PROVIDED MATERIAL below:

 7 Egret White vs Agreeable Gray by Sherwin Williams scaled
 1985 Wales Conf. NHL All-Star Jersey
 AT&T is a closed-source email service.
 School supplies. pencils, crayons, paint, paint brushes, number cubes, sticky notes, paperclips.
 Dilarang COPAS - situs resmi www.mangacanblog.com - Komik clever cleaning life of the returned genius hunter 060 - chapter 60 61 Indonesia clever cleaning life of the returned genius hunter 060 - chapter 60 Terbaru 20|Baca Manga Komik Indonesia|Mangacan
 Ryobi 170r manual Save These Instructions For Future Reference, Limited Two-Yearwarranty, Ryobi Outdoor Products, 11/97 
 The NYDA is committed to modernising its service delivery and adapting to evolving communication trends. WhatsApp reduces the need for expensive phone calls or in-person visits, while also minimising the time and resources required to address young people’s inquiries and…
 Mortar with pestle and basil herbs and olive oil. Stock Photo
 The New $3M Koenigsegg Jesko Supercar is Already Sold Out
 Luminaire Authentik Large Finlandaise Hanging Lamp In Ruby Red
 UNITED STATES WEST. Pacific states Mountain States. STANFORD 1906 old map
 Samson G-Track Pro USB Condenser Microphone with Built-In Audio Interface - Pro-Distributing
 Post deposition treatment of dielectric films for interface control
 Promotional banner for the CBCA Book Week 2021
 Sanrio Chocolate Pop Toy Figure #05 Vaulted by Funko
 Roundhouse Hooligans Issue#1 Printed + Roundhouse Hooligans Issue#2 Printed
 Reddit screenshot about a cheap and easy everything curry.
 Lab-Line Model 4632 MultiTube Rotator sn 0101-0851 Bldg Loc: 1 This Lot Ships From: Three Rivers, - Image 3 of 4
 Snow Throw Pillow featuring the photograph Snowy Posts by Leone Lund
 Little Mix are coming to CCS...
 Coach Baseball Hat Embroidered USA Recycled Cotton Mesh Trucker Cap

End of PROVIDED MATERIAL.

HOW TO COMPLETE THIS TASK
Every piece of the data is to be set down again exactly.

OUTPUT
 7 Egret White vs Agreeable Gray by Sherwin Williams scaled
 1985 Wales Conf. NHL All-Star Jersey
 AT&T is a closed-source email service.
 School supplies. pencils, crayons, paint, paint brushes, number cubes, sticky notes, paperclips.
 Dilarang COPAS - situs resmi www.mangacanblog.com - Komik clever cleaning life of the returned genius hunter 060 - chapter 60 61 Indonesia clever cleaning life of the returned genius hunter 060 - chapter 60 Terbaru 20|Baca Manga Komik Indonesia|Mangacan
 Ryobi 170r manual Save These Instructions For Future Reference, Limited Two-Yearwarranty, Ryobi Outdoor Products, 11/97 
 The NYDA is committed to modernising its service delivery and adapting to evolving communication trends. WhatsApp reduces the need for expensive phone calls or in-person visits, while also minimising the time and resources required to address young people’s inquiries and…
 Mortar with pestle and basil herbs and olive oil. Stock Photo
 The New $3M Koenigsegg Jesko Supercar is Already Sold Out
 Luminaire Authentik Large Finlandaise Hanging Lamp In Ruby Red
 UNITED STATES WEST. Pacific states Mountain States. STANFORD 1906 old map
 Samson G-Track Pro USB Condenser Microphone with Built-In Audio Interface - Pro-Distributing
 Post deposition treatment of dielectric films for interface control
 Promotional banner for the CBCA Book Week 2021
 Sanrio Chocolate Pop Toy Figure #05 Vaulted by Funko
 Roundhouse Hooligans Issue#1 Printed + Roundhouse Hooligans Issue#2 Printed
 Reddit screenshot about a cheap and easy everything curry.
 Lab-Line Model 4632 MultiTube Rotator sn 0101-0851 Bldg Loc: 1 This Lot Ships From: Three Rivers, - Image 3 of 4
 Snow Throw Pillow featuring the photograph Snowy Posts by Leone Lund
 Little Mix are coming to CCS...
 Coach Baseball Hat Embroidered USA Recycled Cotton Mesh Trucker Cap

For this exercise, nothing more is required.